Affiliation:
1. Department of Studies in Chemistry Davangere University Shivagangotri Davanagere 577 007 Karnataka India
2. Department of Pharmaceutical Chemistry Bapuji Pharmacy College Davanagere 577 004 Karnataka India
3. Institute of Bioinformatics and Applied Biotechnology Bengaluru 560 100 Karnataka India
Abstract
AbstractIn the present study, a series of novel 1‐Methyl‐3‐(3‐oxo‐3‐phenylprop‐1‐enyl) quinoline‐2‐(1H)‐ones derivatives (3 a–3 i) were synthesized via condensation, followed by the ring closure to produce pyrazoline derivatives (4 a–4 i). All the newly synthesized pyrazolines derivatives were determined by spectroscopic techniques and were tested for antimicrobial activity by agar well diffusion assay and MIC, from which it was observed that the compounds 4 g and 4 i showed substantial antimicrobial activity against bacterial strains.

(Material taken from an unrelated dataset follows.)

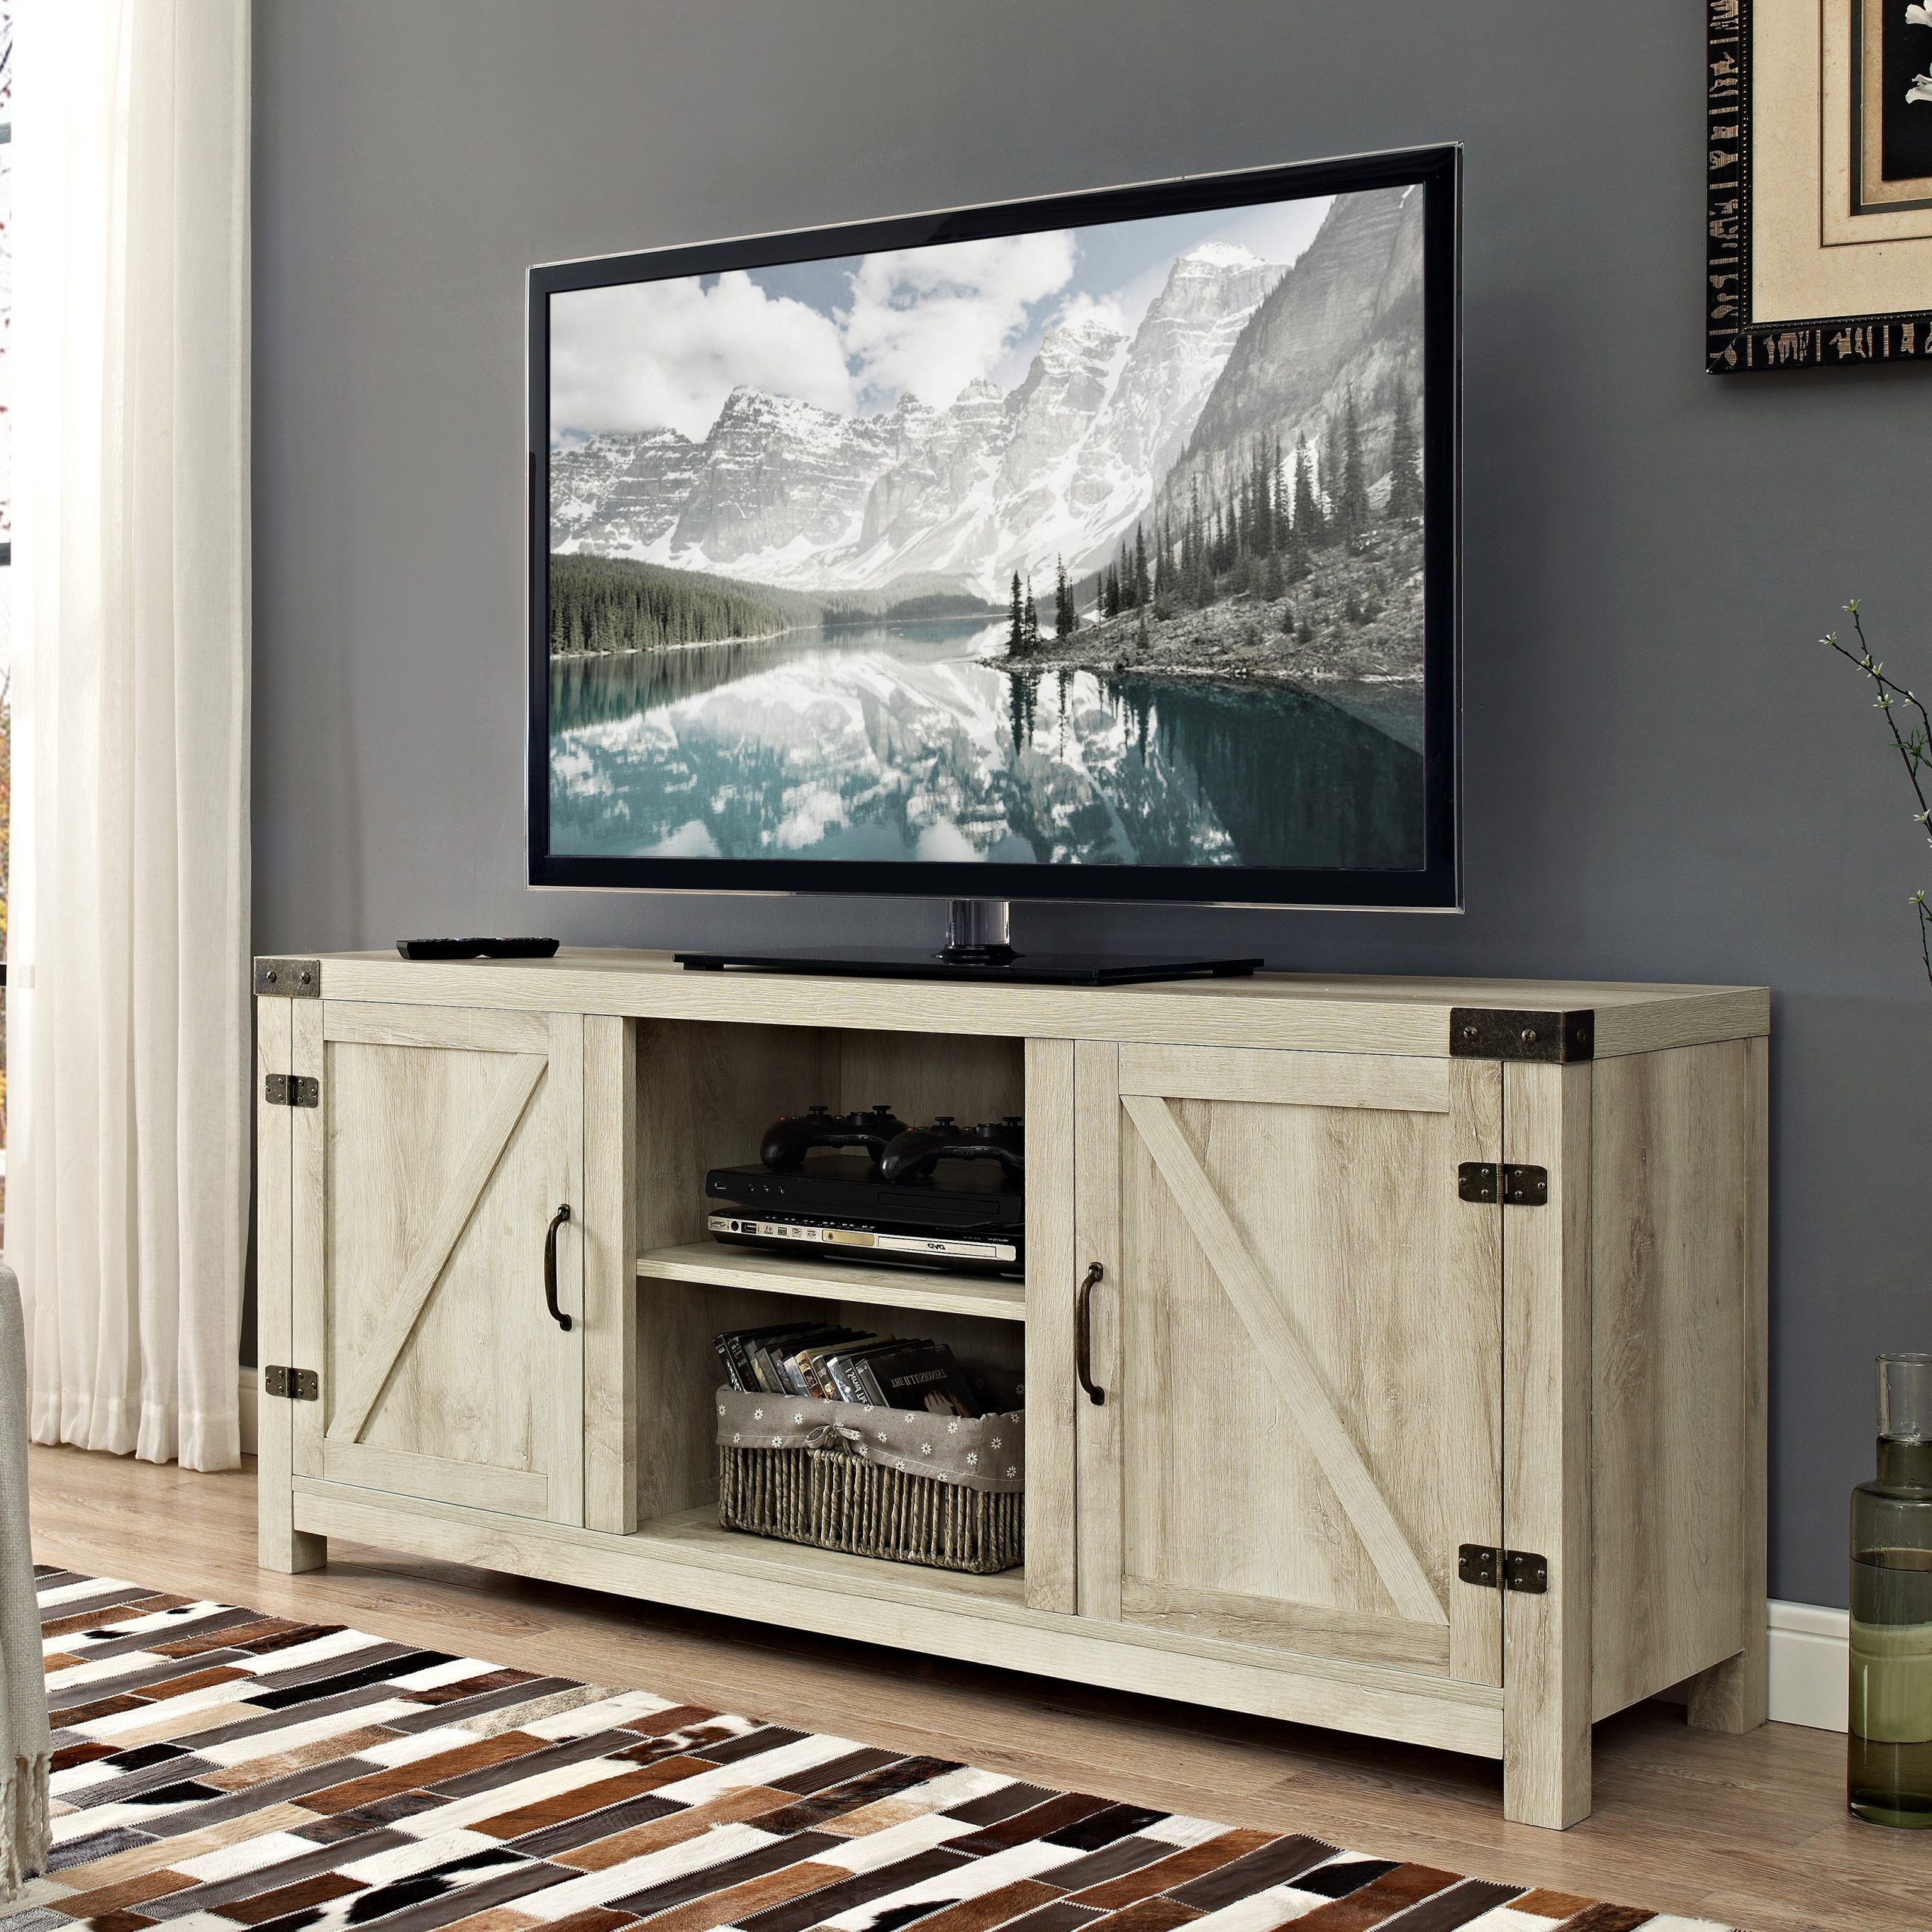 Woven Paths Modern Farmhouse Barn Door Tv Stand For Tvs Up Within Caleah Tv Stands For Tvs Up To 65" (Gallery 8 of 20)

Whereas compound 4 i exhibited remarkable antifungal activity. Post this, computational methodologies were employed for studying the pharmacokinetic profiles and assessing the drug likeness of the title compounds. They were subjected to molecular docking analysis and it was observed that the proposed antibacterial compounds 4 g and 4 i showed significant binding to the active site of NAD+ synthetase enzyme of the bacteria and the proposed antifungal compound 4 i showed significant binding towards the active site of Cytochrome P450 51 in fungi.